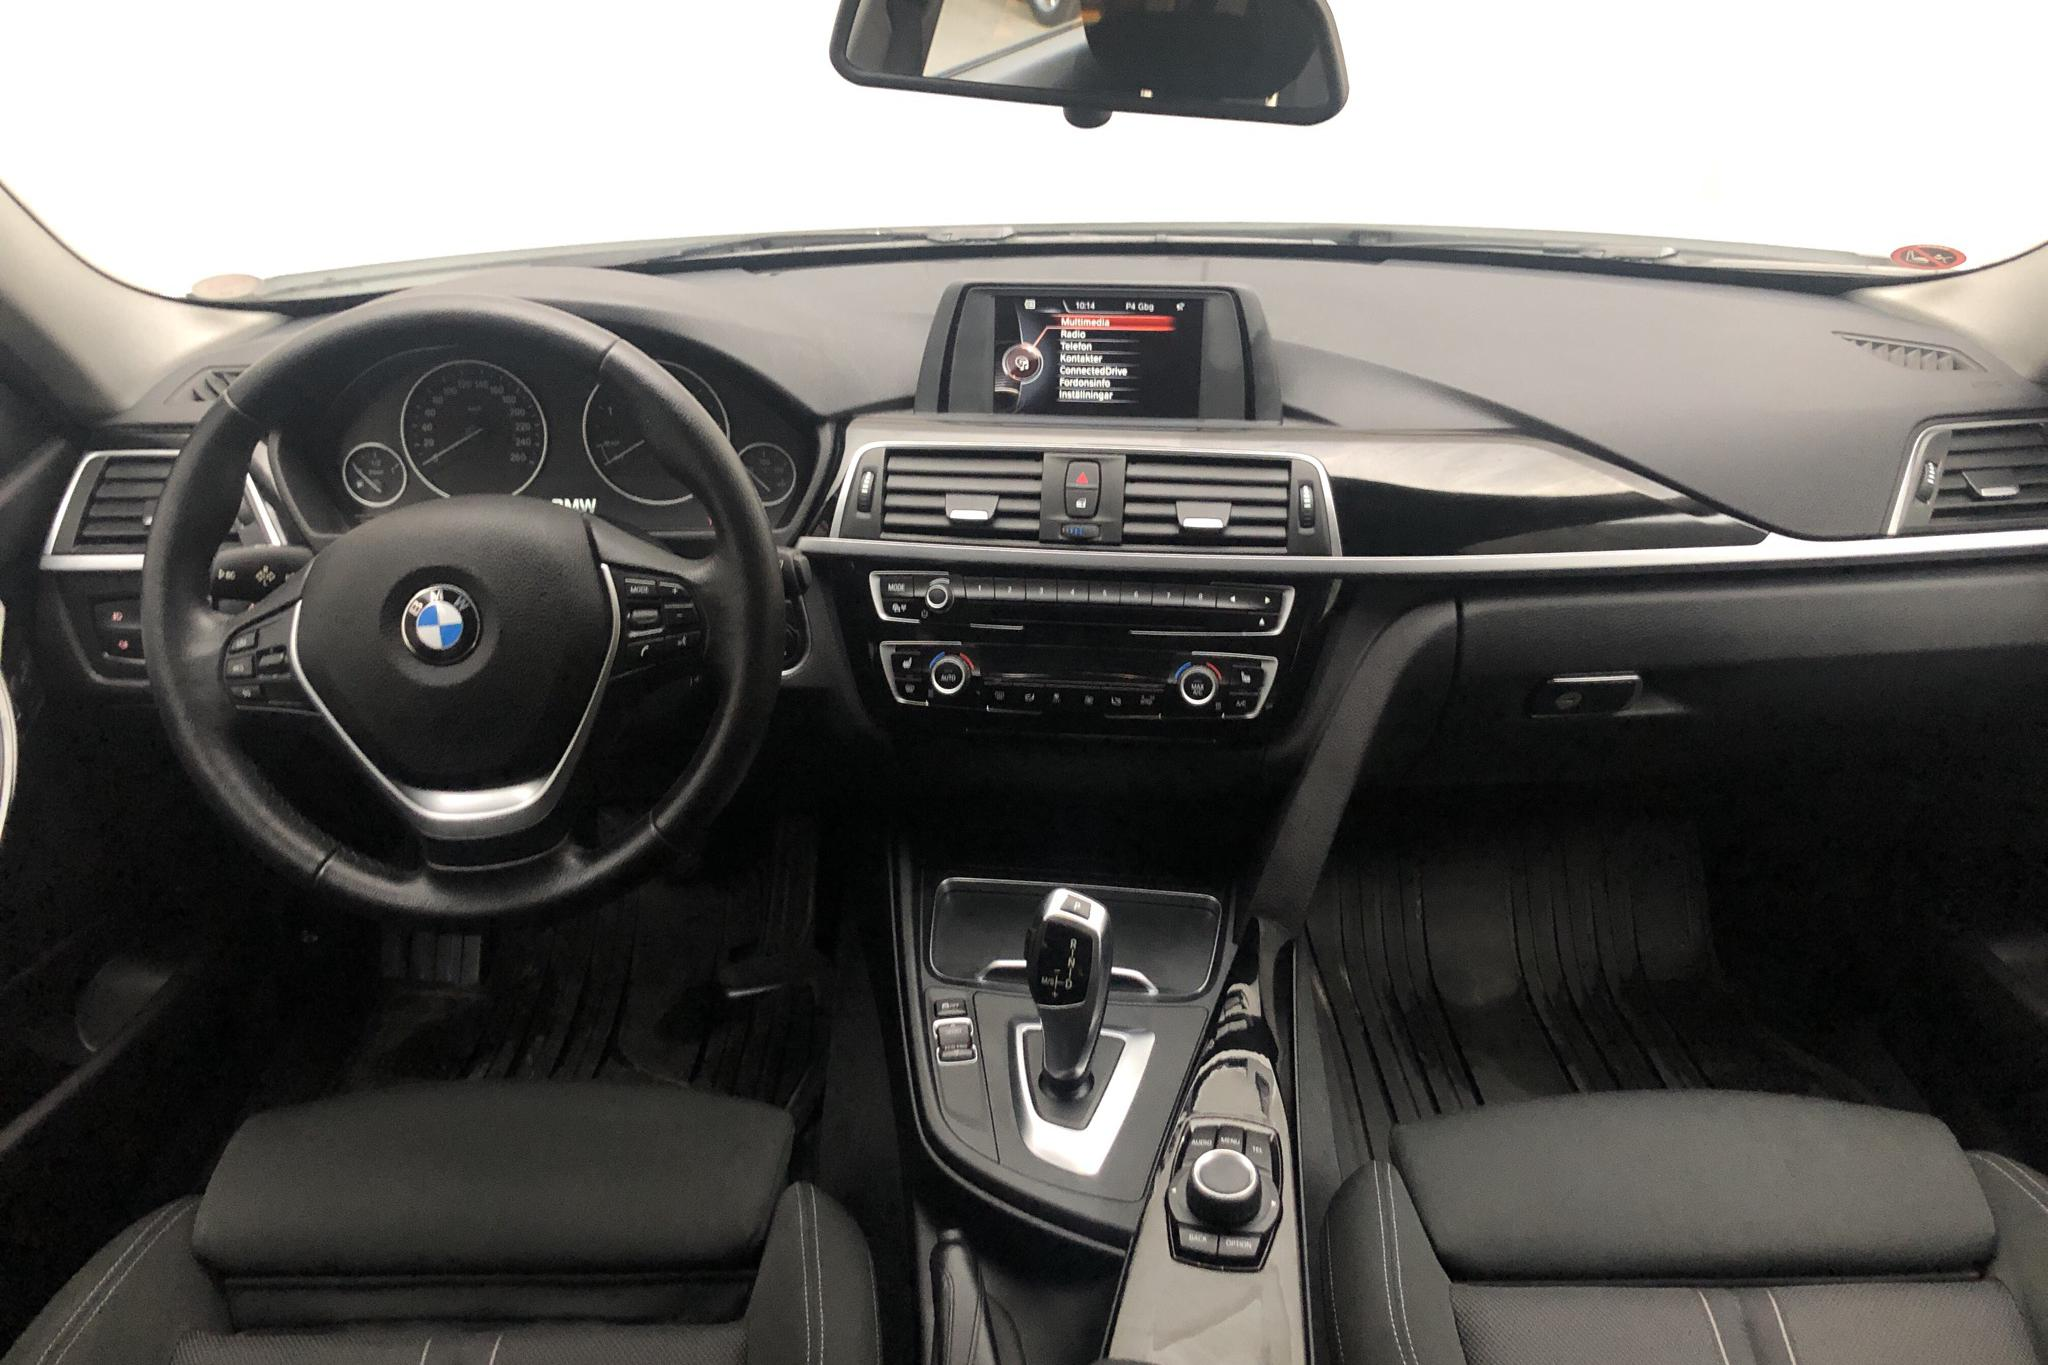 BMW 320d Touring, F31 (190hk) - 91 260 km - Automatic - white - 2016
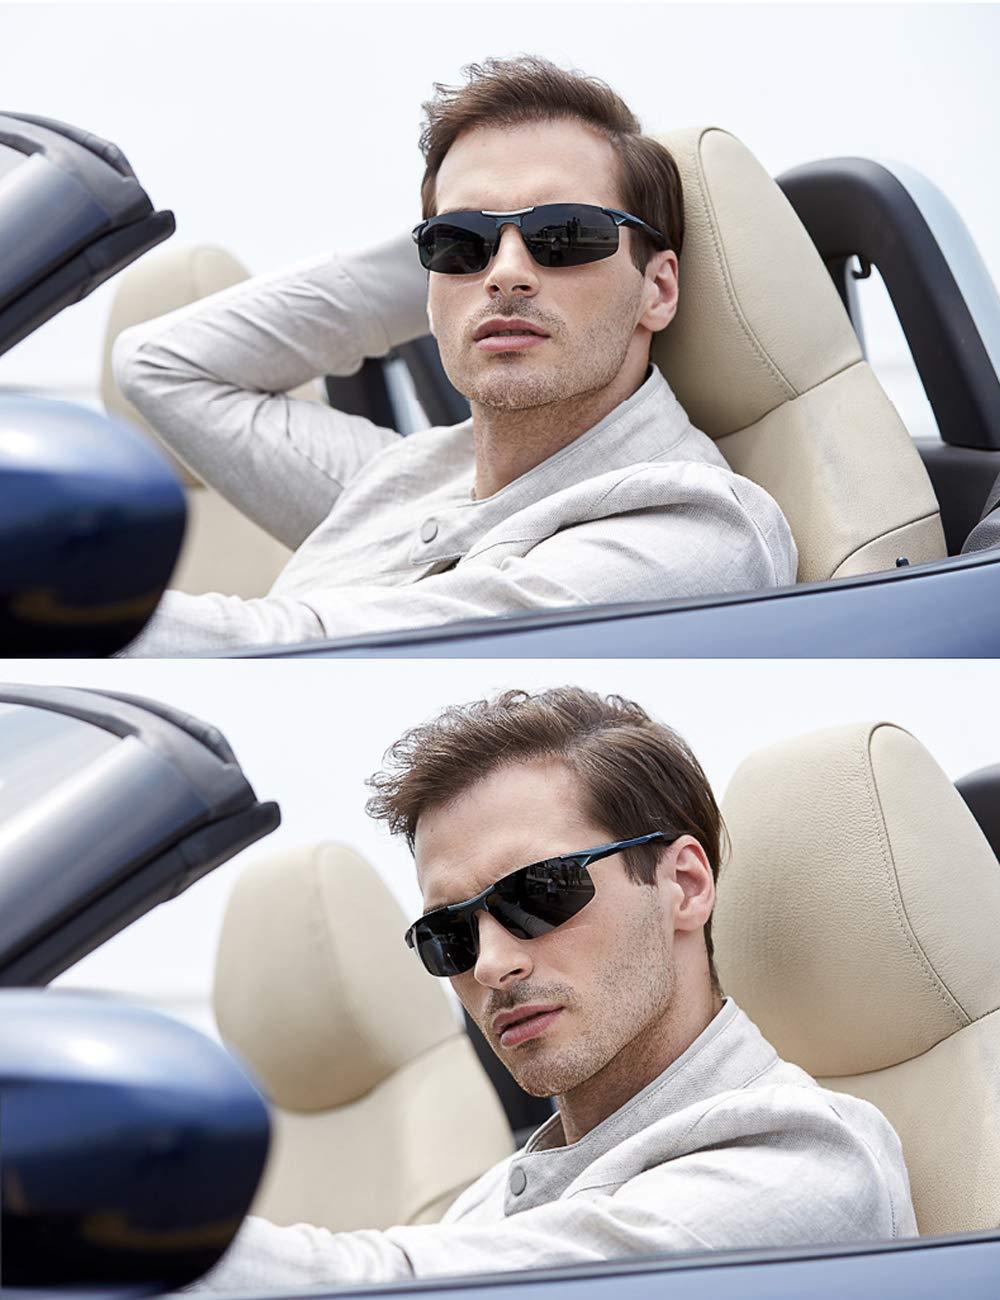 130fec82ac0 MOORAY Mens Sports Polarized Sunglasses UV Protection Fashion Sunglasses  for Men Fishing Driving(Black
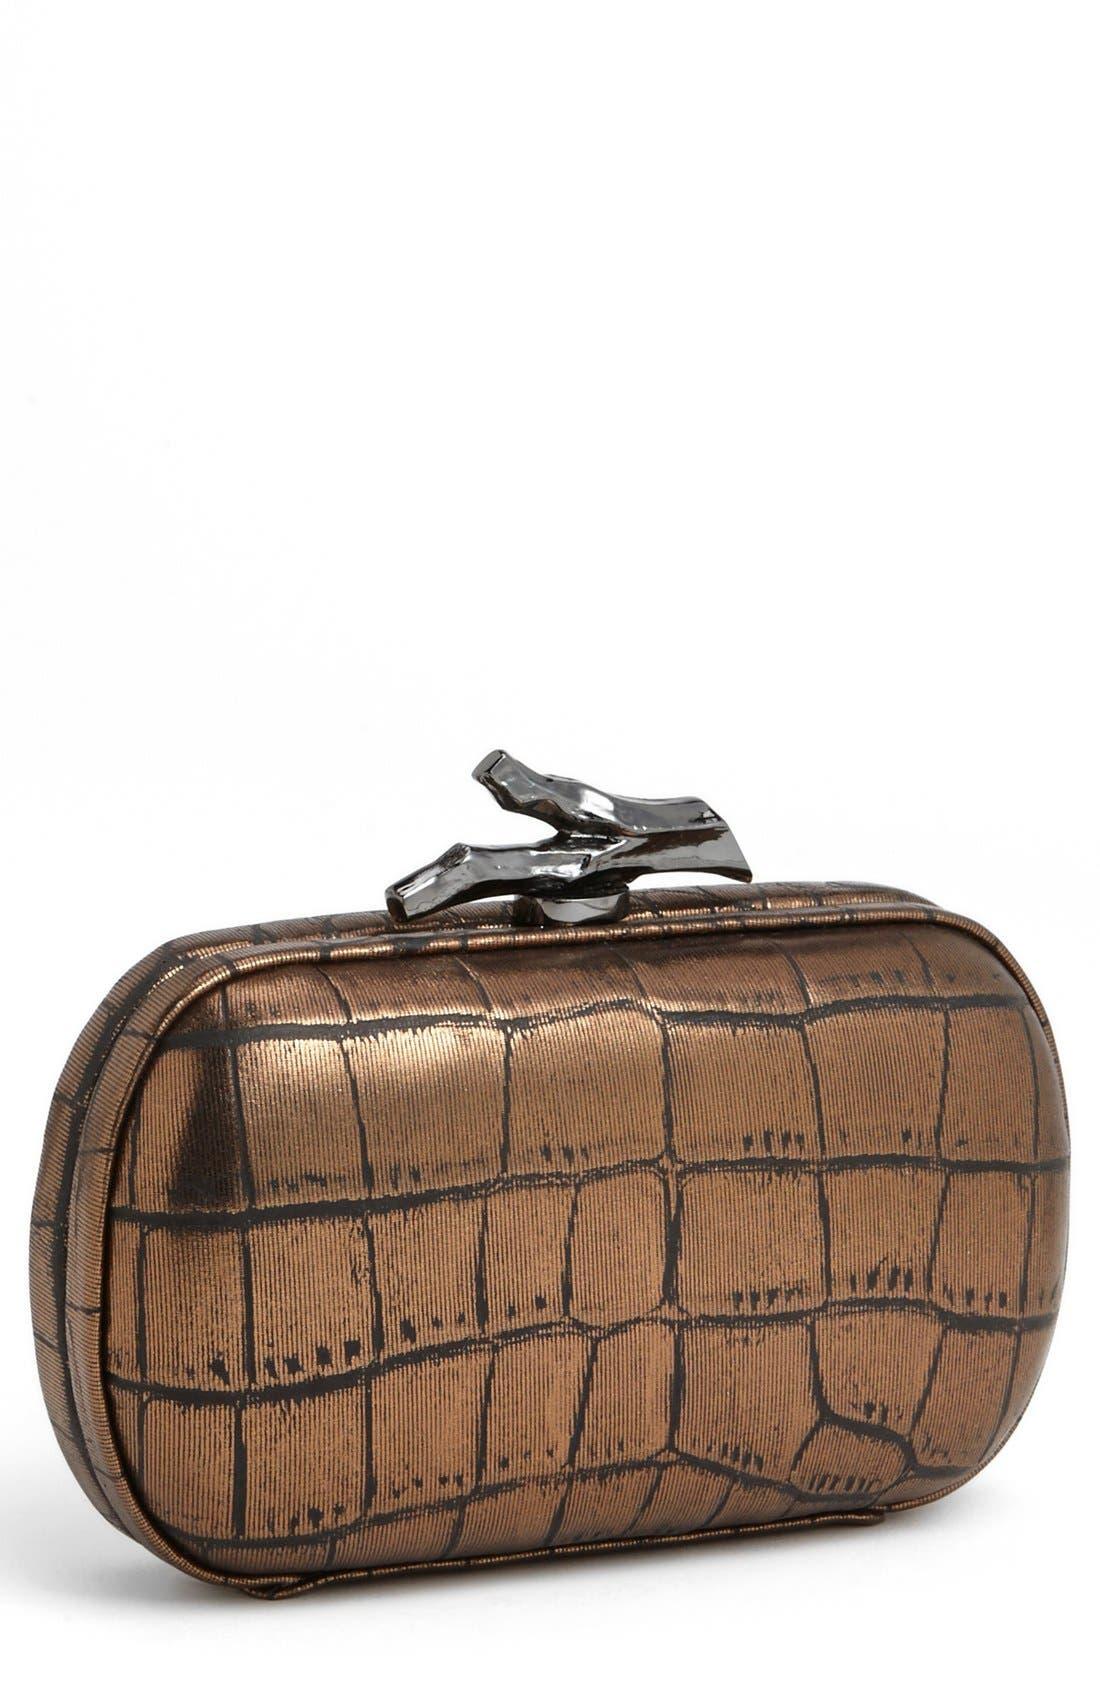 Alternate Image 1 Selected - Diane von Furstenberg 'Lytton' Embossed Metallic Leather Clutch

------------------------------------------------------------

_Work request:_ The reply should hold every line of the material above, unchanged, and no pictures.

_Response below:_
 BMW 320d Touring, F31 (190hk) - 91 260 km - Automatic - white - 2016
 130fec82ac0 MOORAY Mens Sports Polarized Sunglasses UV Protection Fashion Sunglasses  for Men Fishing Driving(Black
 Alternate Image 1 Selected - Diane von Furstenberg 'Lytton' Embossed Metallic Leather Clutch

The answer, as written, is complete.